Records provided →
——

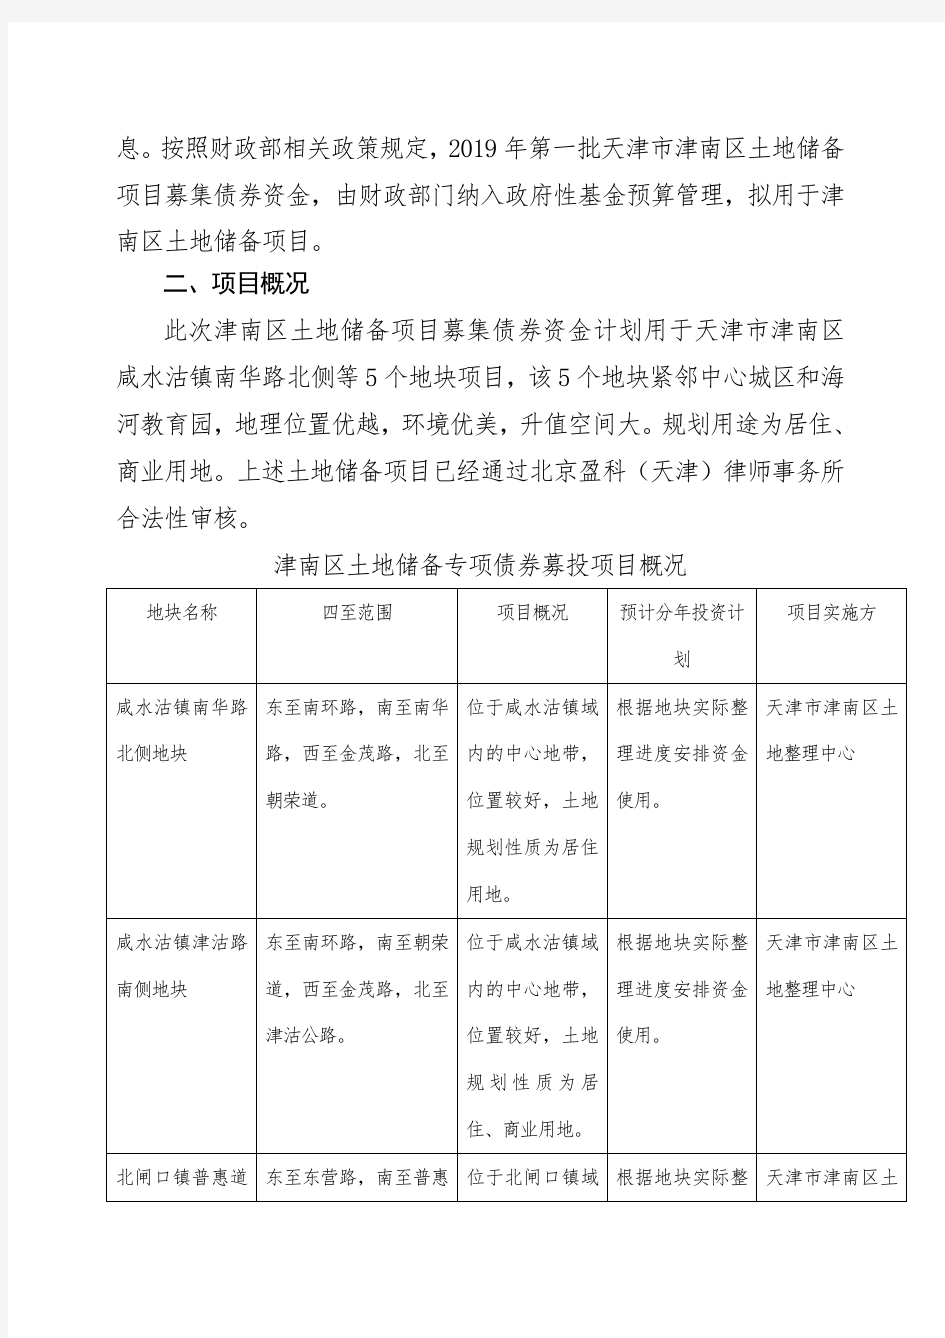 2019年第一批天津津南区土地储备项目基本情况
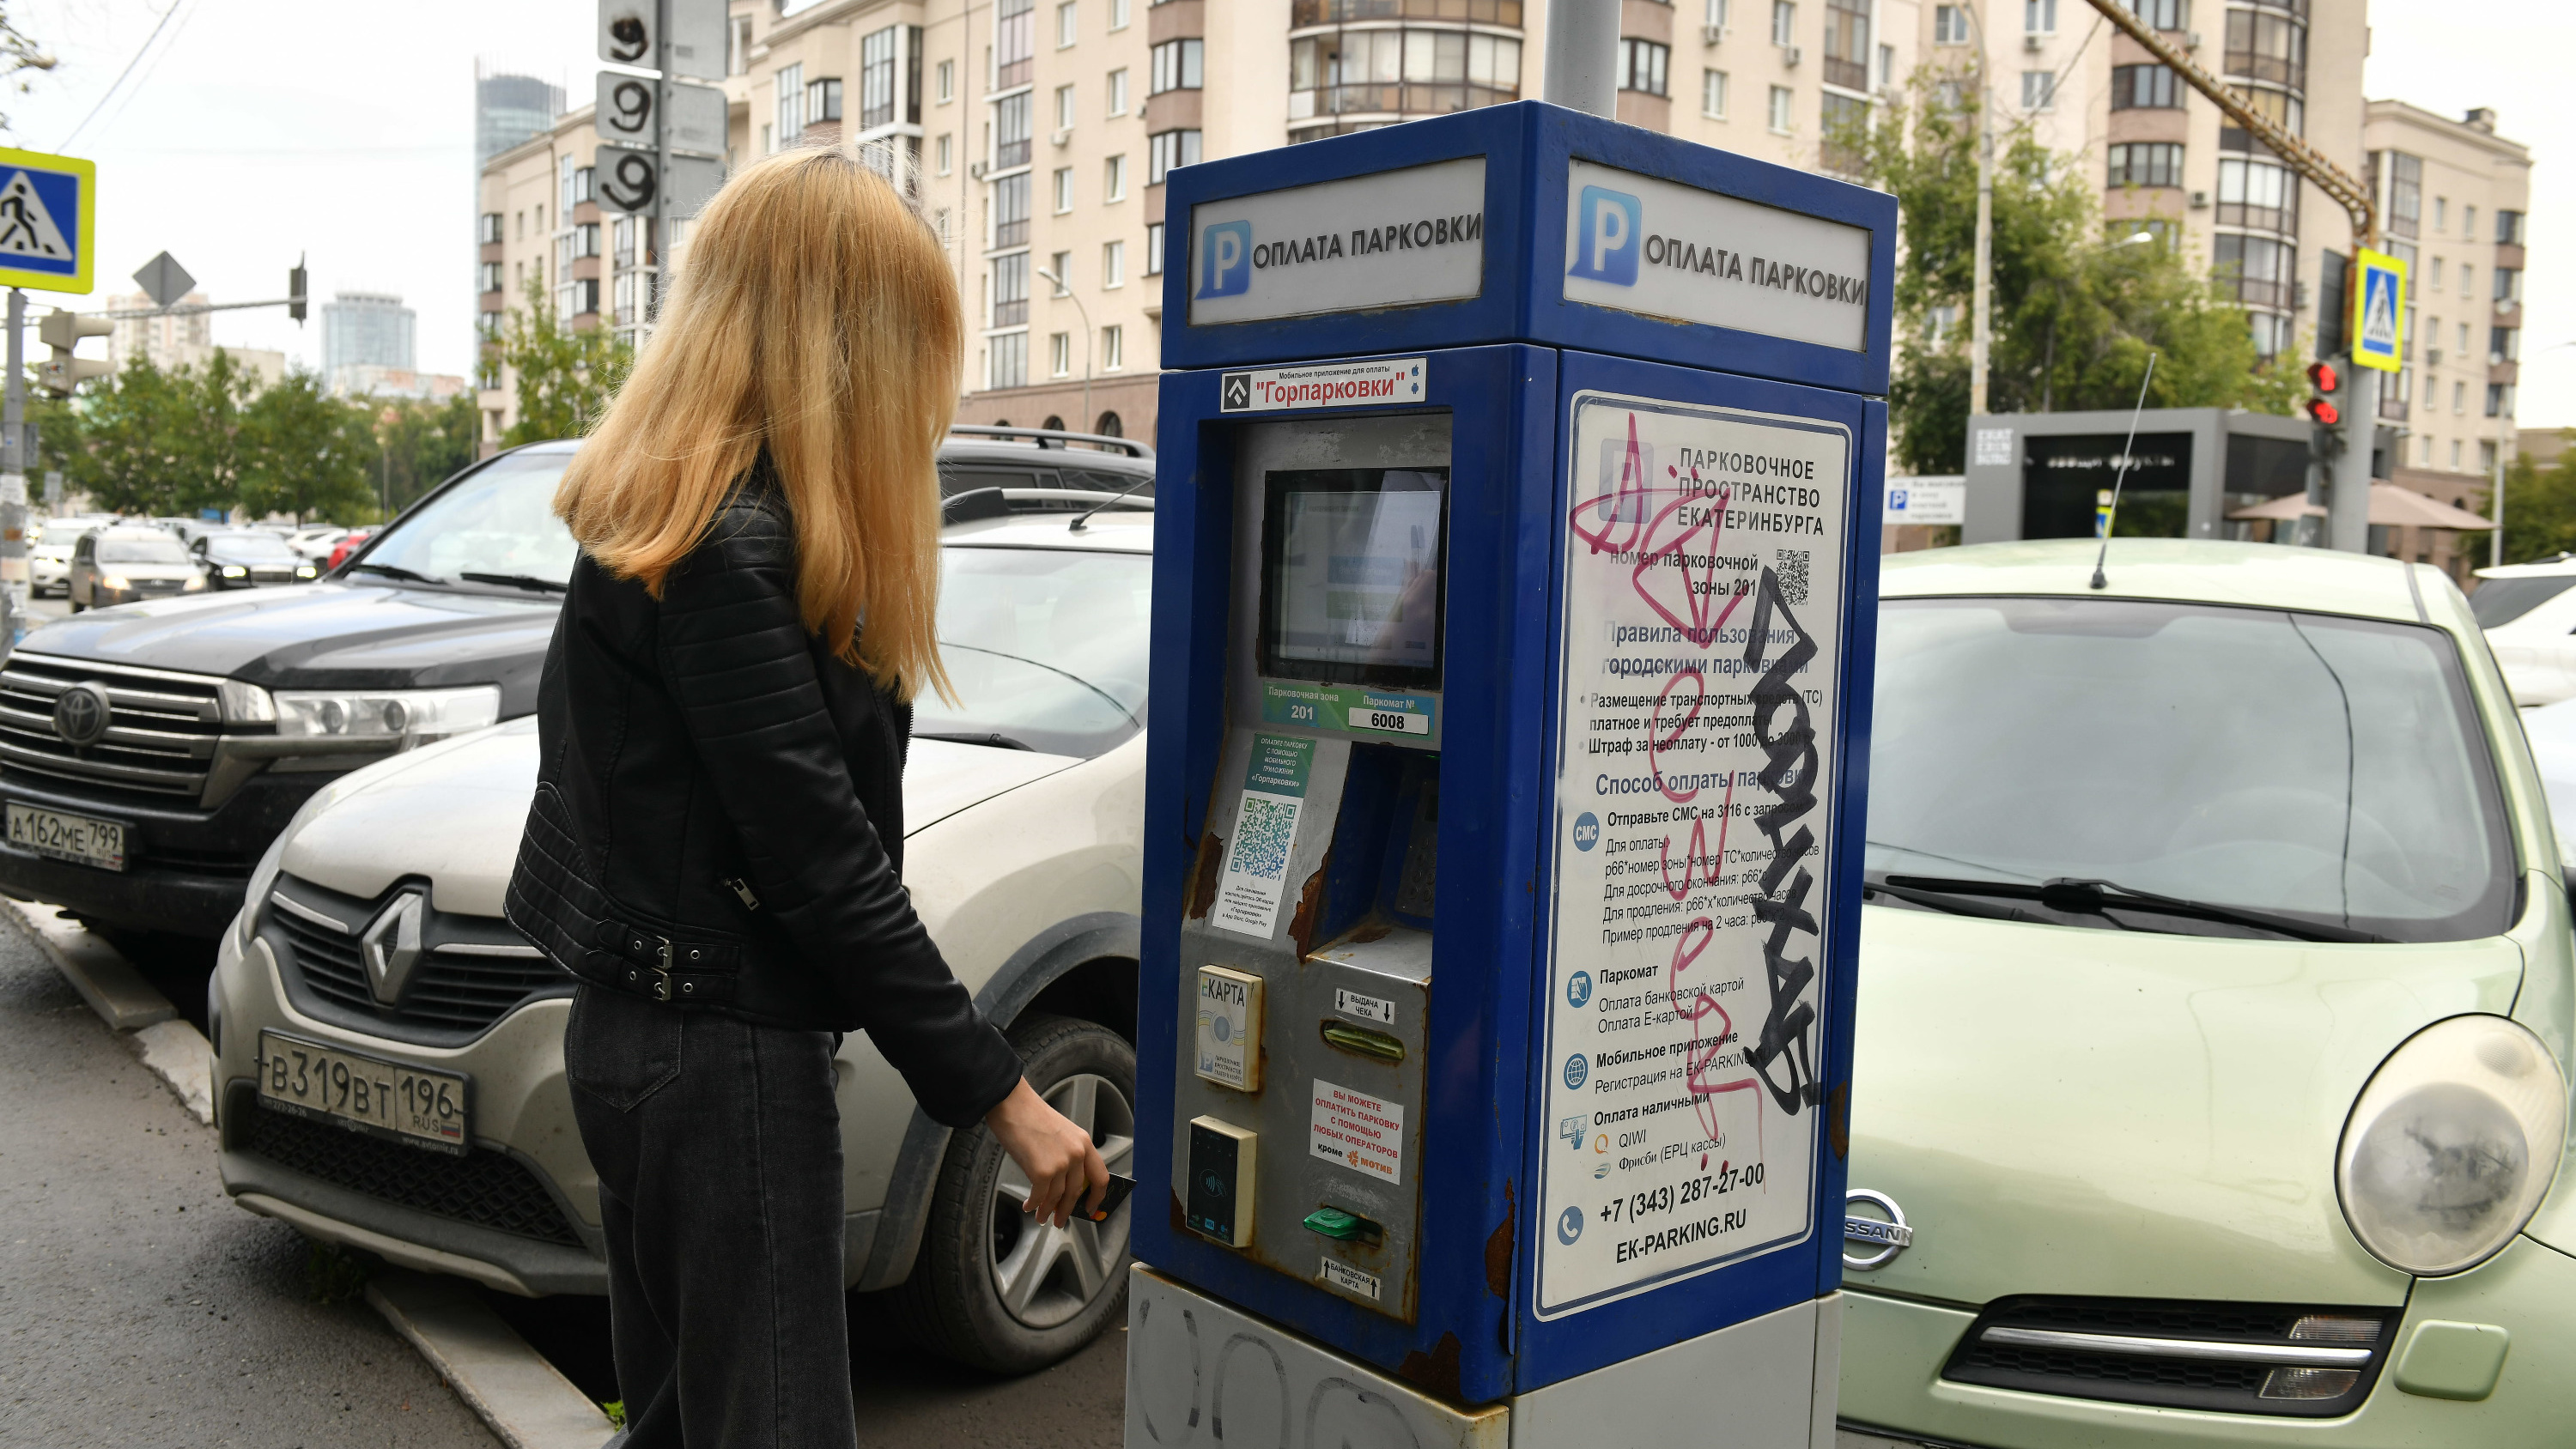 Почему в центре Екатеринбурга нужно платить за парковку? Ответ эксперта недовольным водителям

——

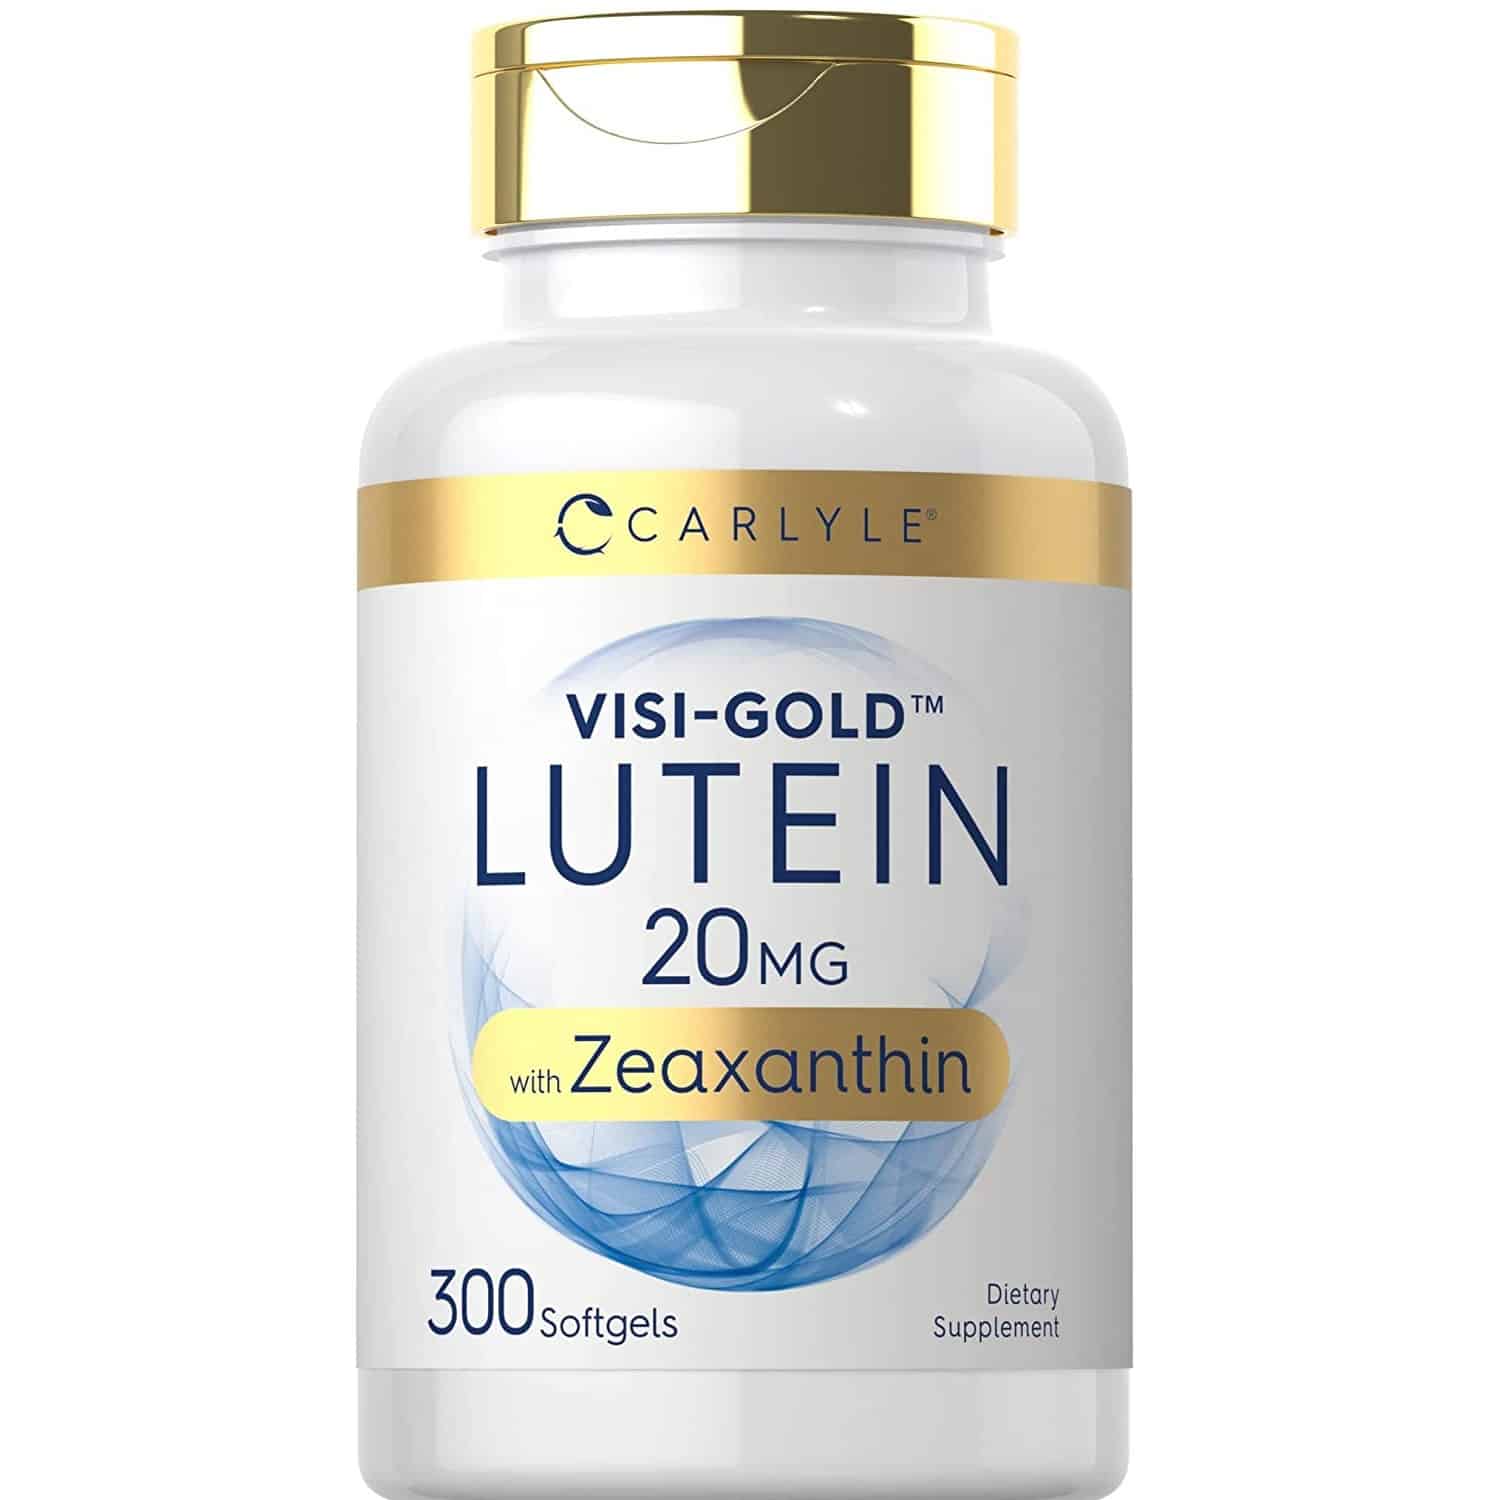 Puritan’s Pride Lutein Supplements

——

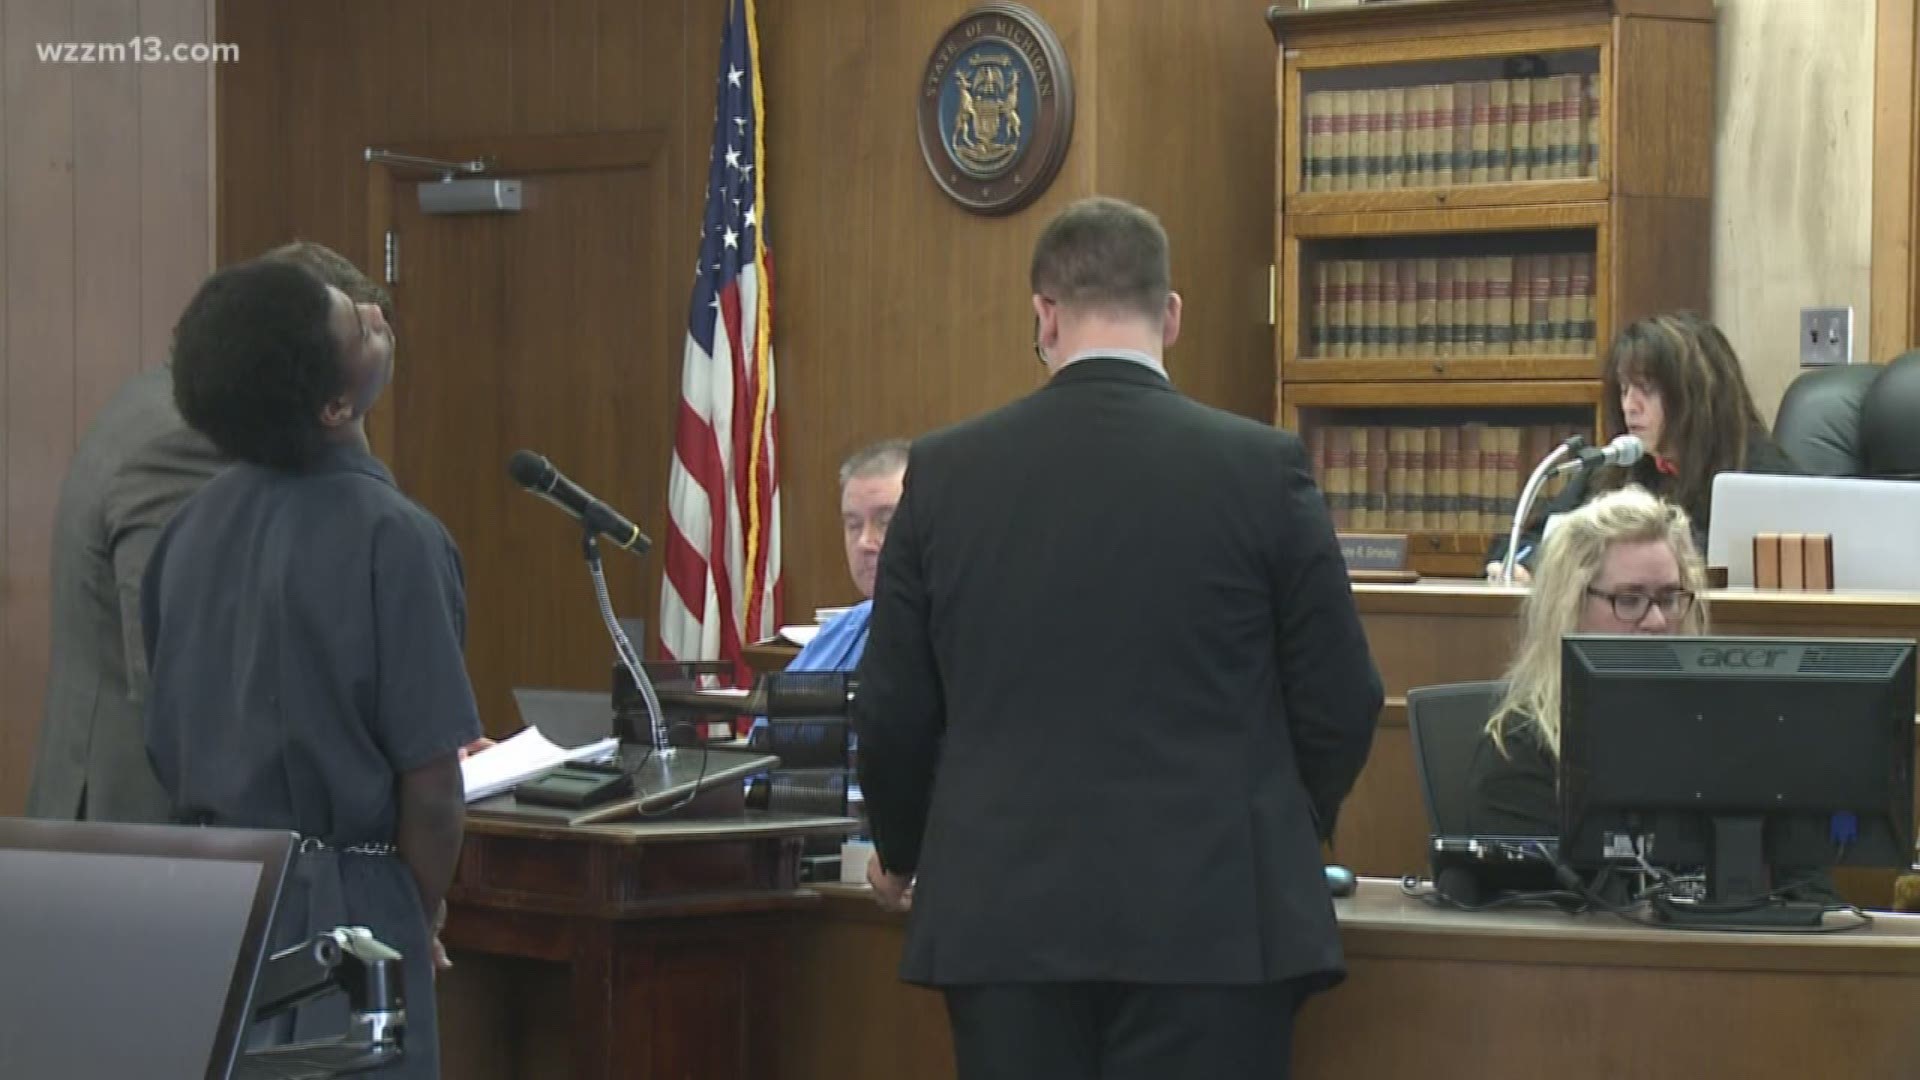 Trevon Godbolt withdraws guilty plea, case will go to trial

——

Assigned task →
In the listing above, find the line containing "2019年第一批天津津南区土地储备项目基本情况" and the line containing "Почему в центре"; print those lines and every line between them exactly, leaving out pictures.

Response below →
 2019年第一批天津津南区土地储备项目基本情况
 Почему в центре Екатеринбурга нужно платить за парковку? Ответ эксперта недовольным водителям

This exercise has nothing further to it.